Marianne pressed a finger to her cheek, her thoughts silent. Her gaze had slipped into the distance but a shimmer in her eyes betrayed a wise woman trapped in her mute form. Her fingers traced his own in calming, circular motions and instead of words she hummed a sweet sound in her mind, one James seemed to know but had lost somewhere in the past.
Giving a long breath James continued, mustering all his self-control and banishing the irksome nerves that plagued him. This wasn’t like him. He knew that somehow.
“Still,” he managed a smile “I am not here to bother you with my tale of woe, it’ll pass soon enough. I’m just tired I suppose; you know I don’t get that much help from the other warders.”
‘It is not weakness to admit you have flaws, that you fear and struggle,’ Marianne’s voice echoed through him with a reverential care, ‘it is human.’
“Human. Yes,” James nodded listlessly, “and humans tear so easily.”
Marianne looked at him with sympathy but said nothing else, resting her head gently against his shoulder.
A soft hum filled his mind again as she sent out another tune, slow and soothing. She made up her own songs and music to pass the dragging time but they were songs never to be heard in the outside world.
James was one of her chosen few who were given the opportunity to listen to her melodies. Songs that had gotten her through the rough and the painful, hoping they would have the same pacifying effect on him as they had on her.
The thoughts still ruminated around James’s head like moths about a flame but the soulful music touched his heart. Whilst some invited the body to dance this implored it to relax and it did so without any effort.
James did not want to ask her where her skill came from but Marianne already guessed.
‘I use
d to tend to my siblings when they could not sleep,’ she explained so quietly the words barely registered in his mind. ‘Two of them were sickly, as if they had not been born whole in body or mind.
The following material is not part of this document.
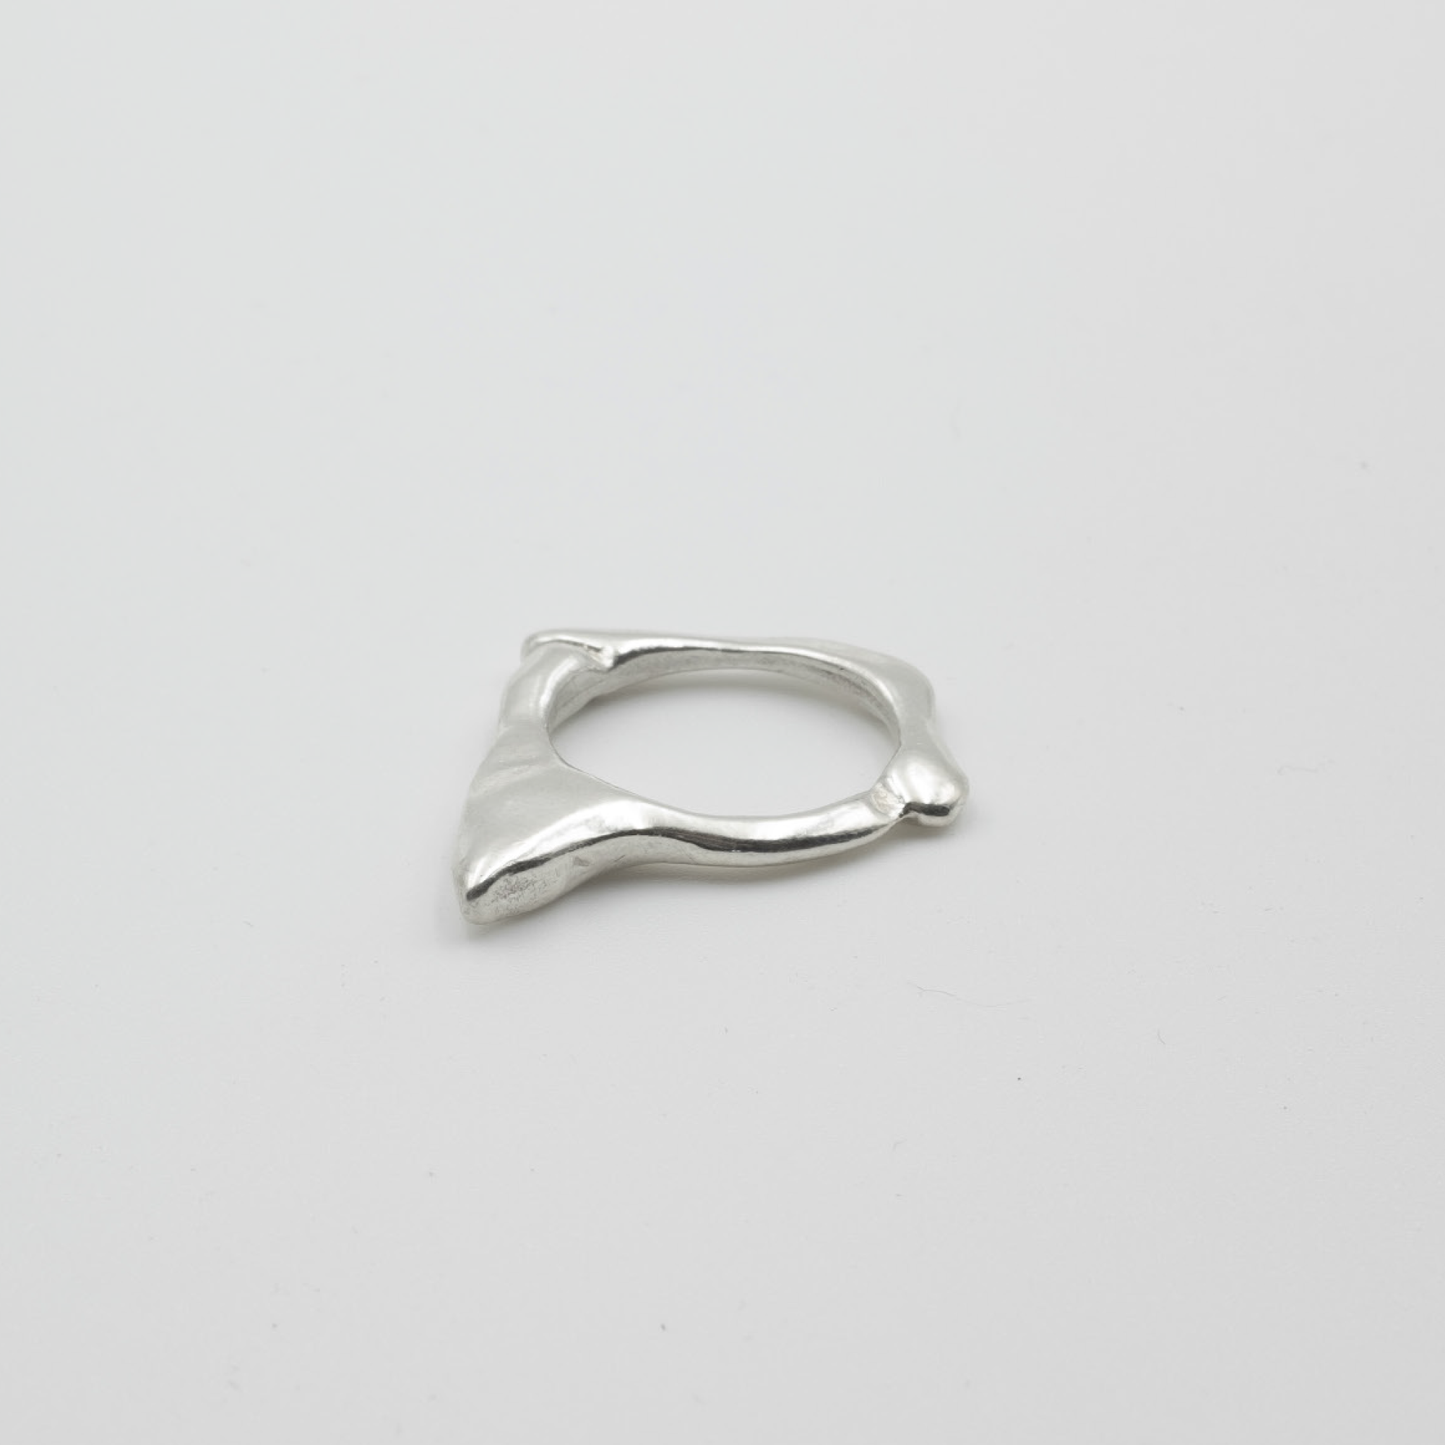 T1 - SHARK TOOTH RING

Someone needed to ease their fears as they approached Heaven and mother wasn’t able, she would not accept them. I helped with all my siblings.’
“I used to know a girl like that in my schooldays,” James replied thoughtlessly, “at least I’m certain I did, I just feel it.”
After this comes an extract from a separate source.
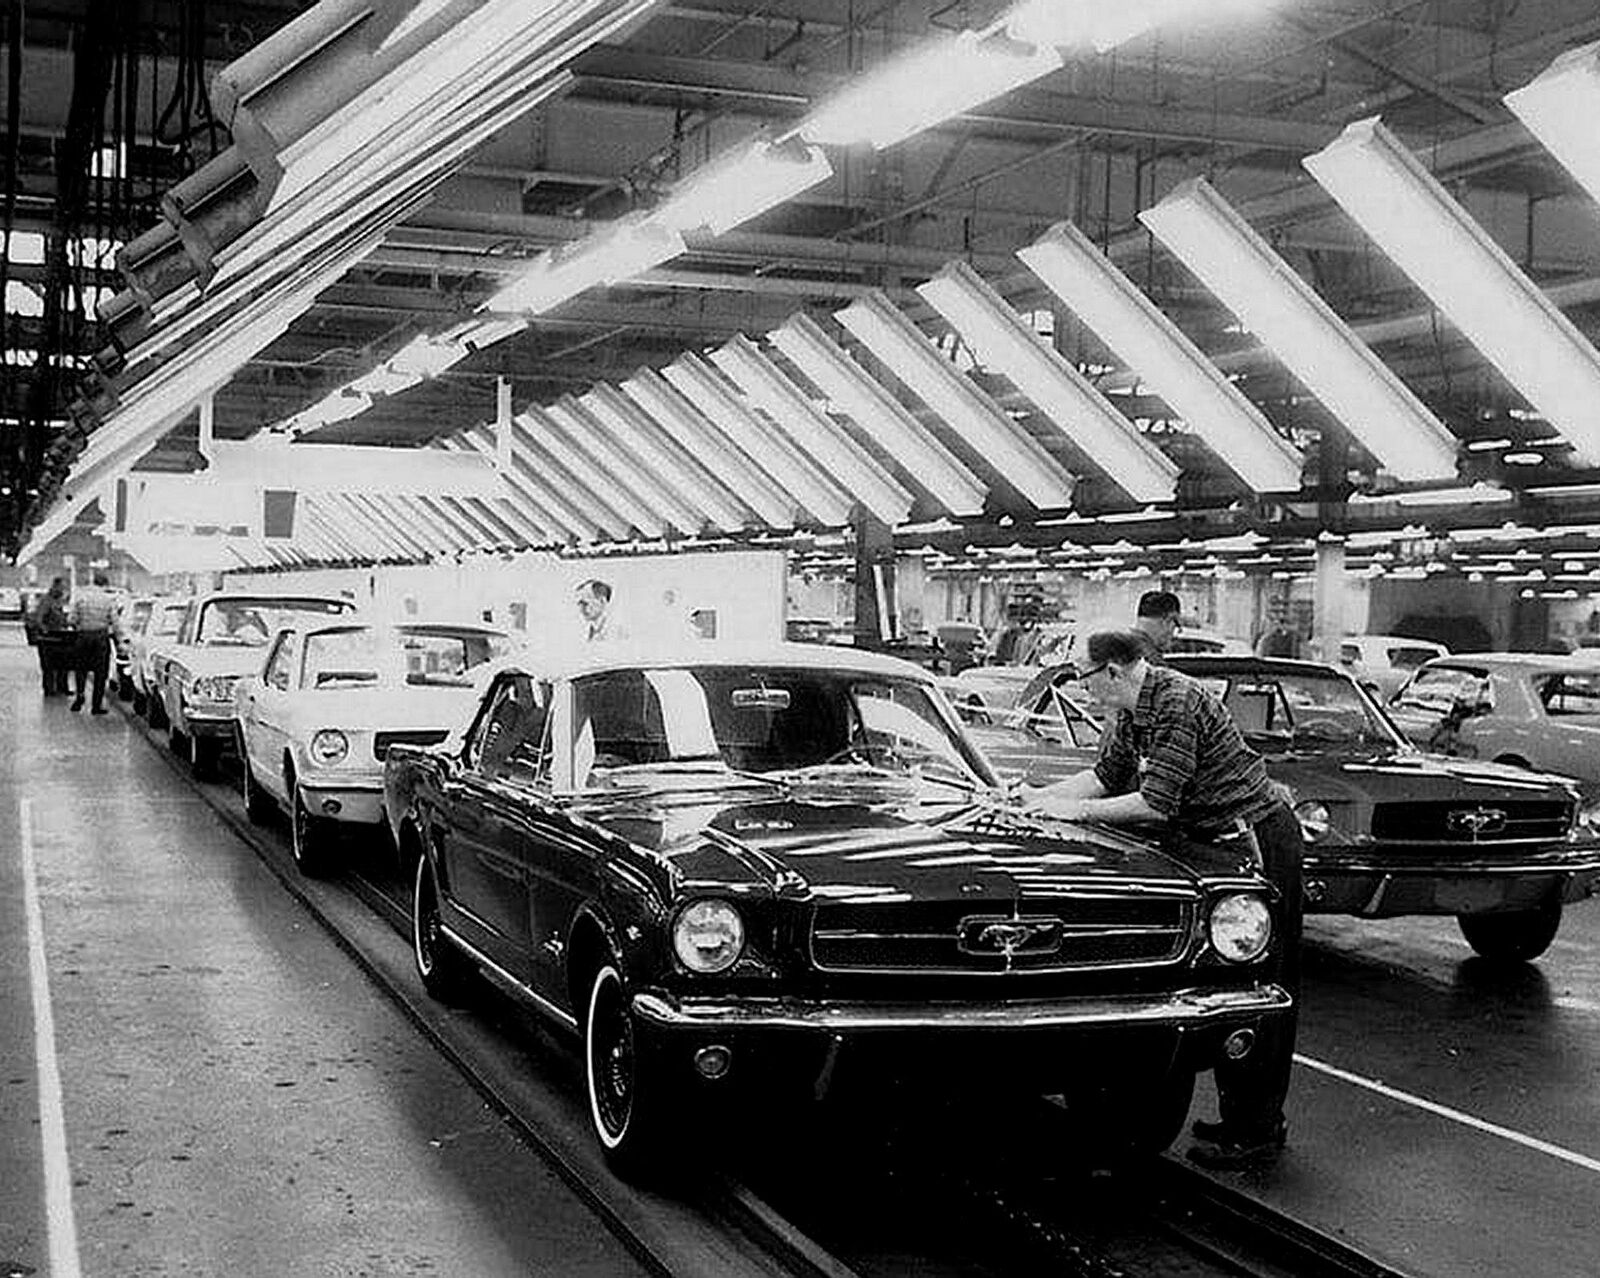 1966 FORD MUSTANG ASSEMBLY LINE PHOTO  (206-G)

A budding seed of a memory that refused to blossom but always there, pushing at the surface.
‘Yes.’
He looked at Marianne who gave a strange and ambiguous smile. It sent a chill through his body, not pleasant but not unpleasant either.
It was just peculiar, a tingling sensation from his gut and up his spine.
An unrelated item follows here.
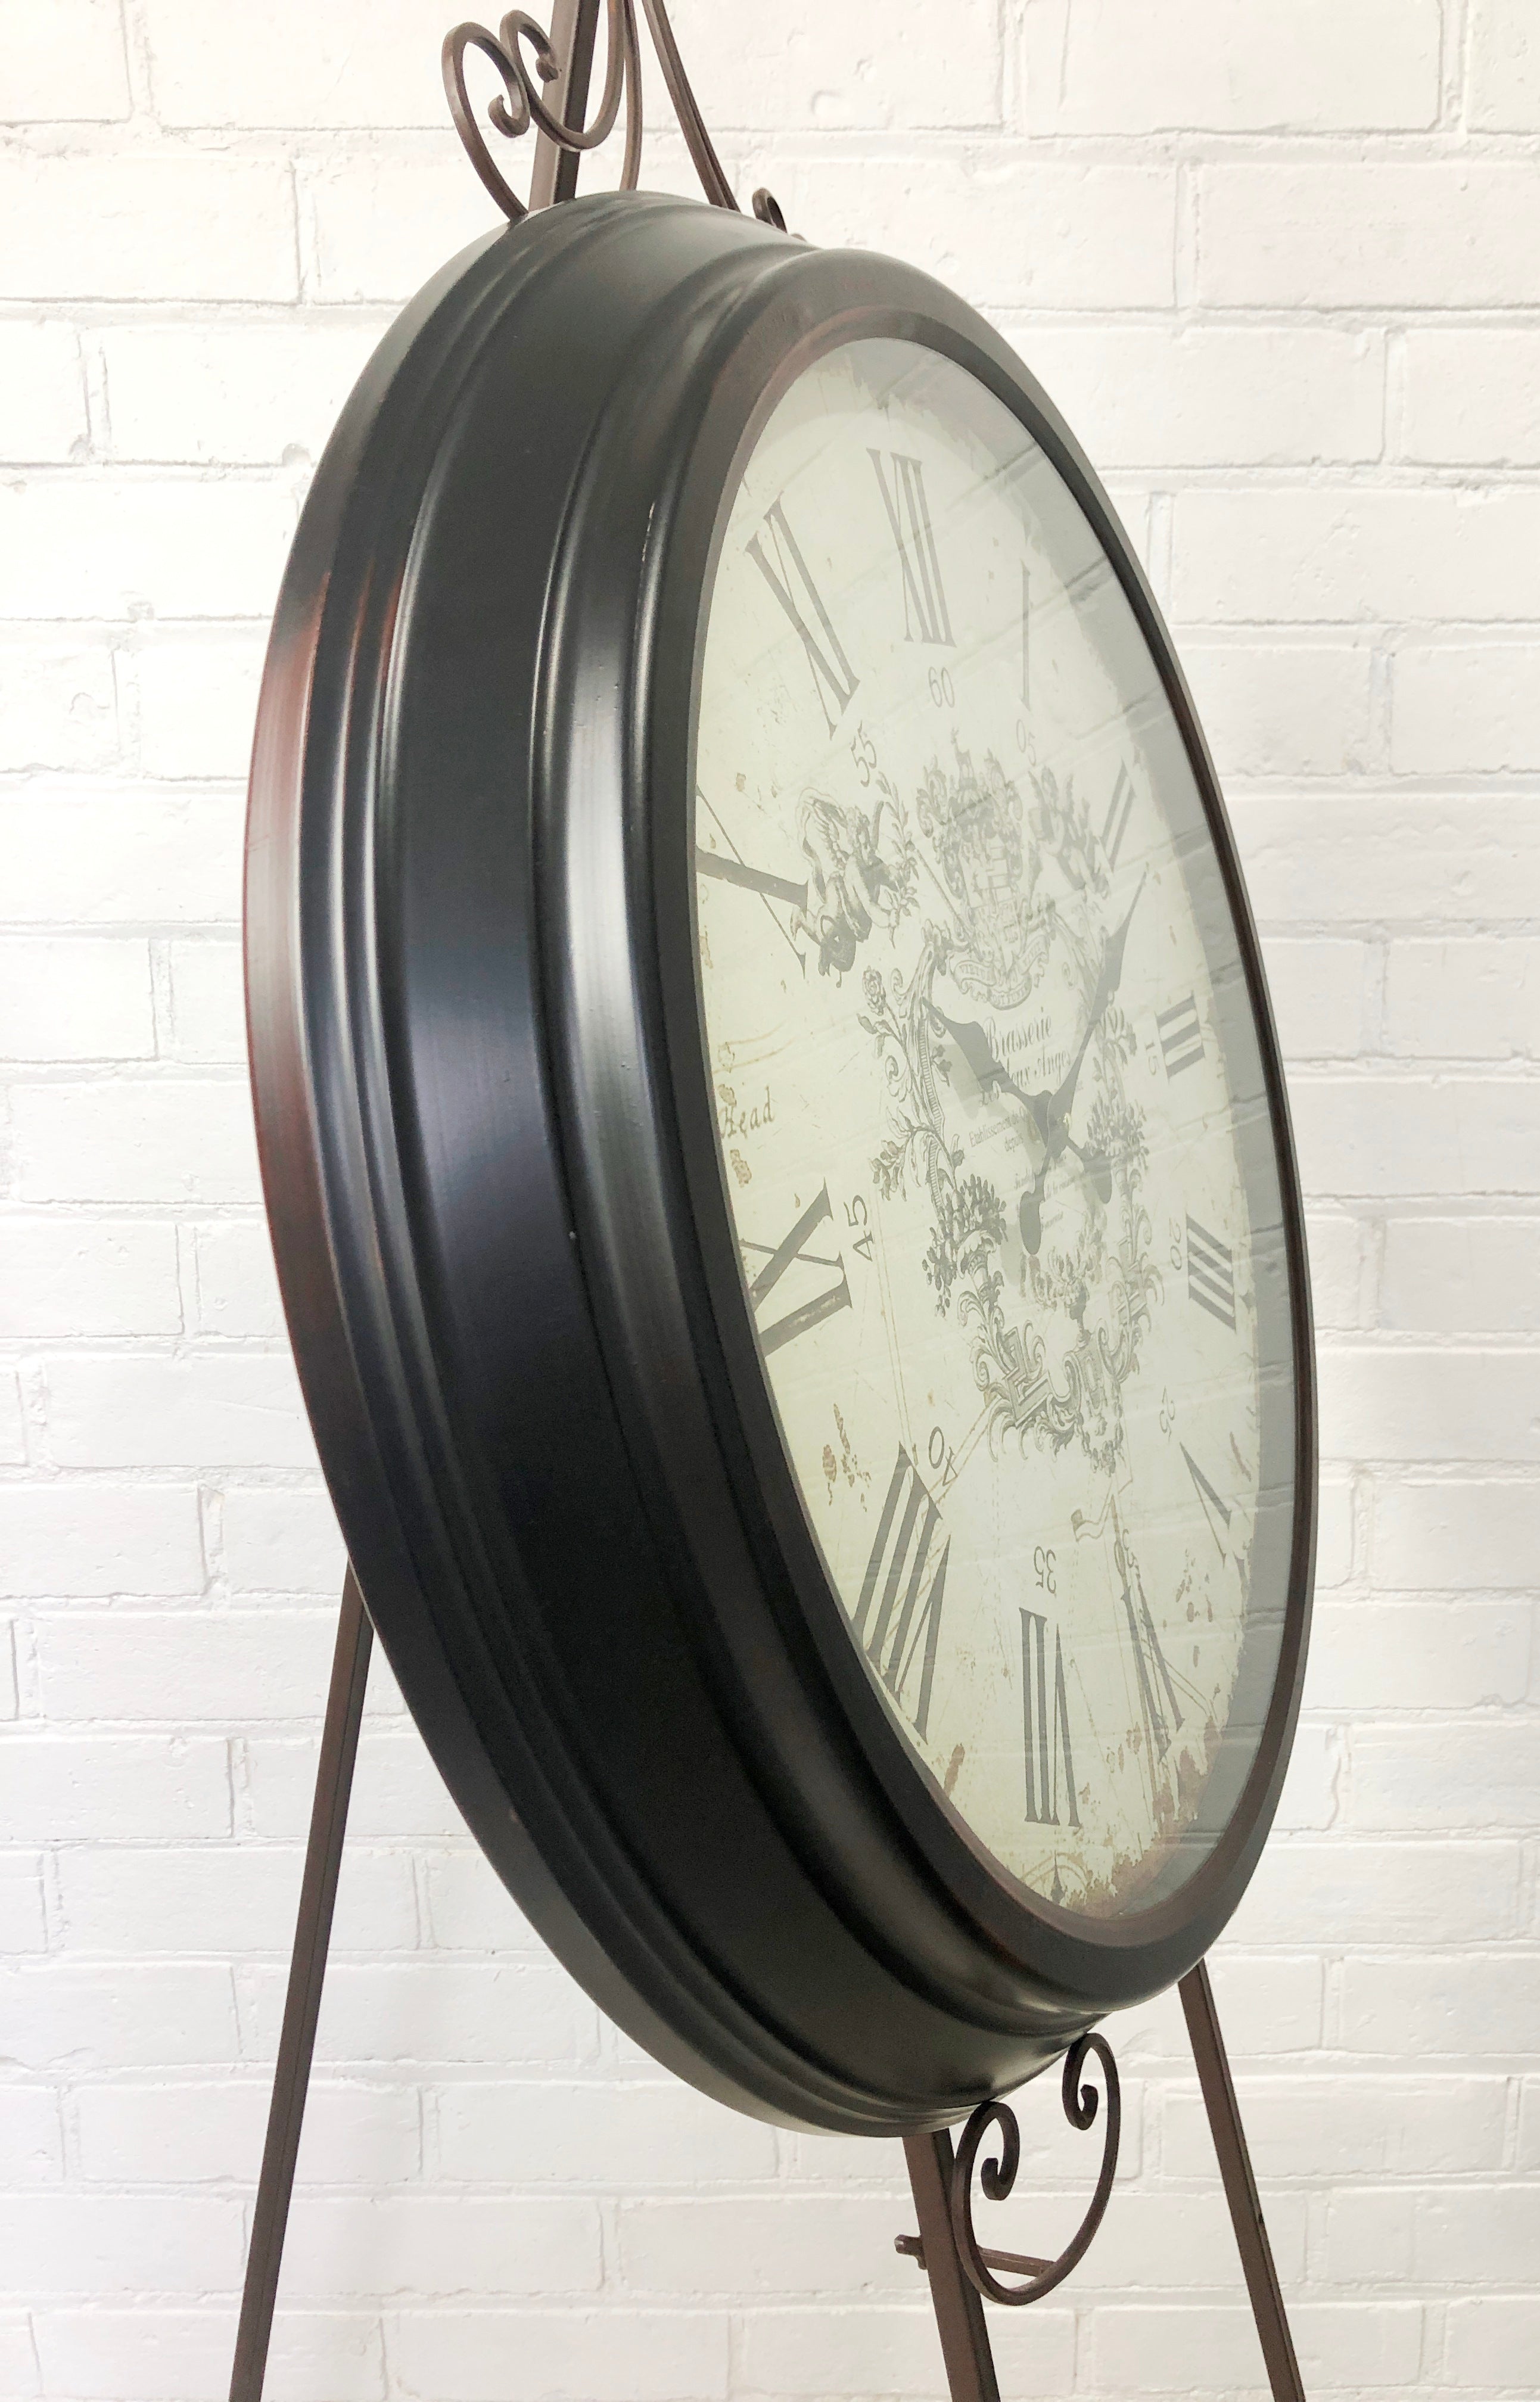 LARGE 70CM Round Metal Vintage Style Battery Clock on Display Easel | eXibit collection

“Yes,” he repeated, drawing the word out to a hiss. His arm slipped about her waist but his eyes remained fixed in the shadows, “whatever that means now.”
And then came the white. So much white.
Muffled, disembodied voices and strange sounds echoing around him as though he were in a tunnel. An all too bright tunnel. He felt arms entwine about him, thin and almost skeletal, Marianne’s sweet perfume fading to something sharper and more potent like the chemicals meant to cleanse the filth from the floors.
And silence.
The sun rose high, red and vibrant as it stained a rocky ocean and trickled through the dense trees that surrounded the island like impenetrable walls.
A thin rivulet squeezed through the bars that caged the inmates and separated them from any clear view of daylight or the world outside.
James’s eyes felt as though leaden weights had been inserted beneath the lids and stung as though he hadn’t blinked all night. The burn of the light made them even worse, worse than the whiteness that had penetrated his mind all night.
Marianne still leant against him, her own eyes shut but whether she slept or simply drifted was debatable. Her breathing had calmed to the tranquillity of slumber but her body was less so, ready to jolt into wakefulness at any sound.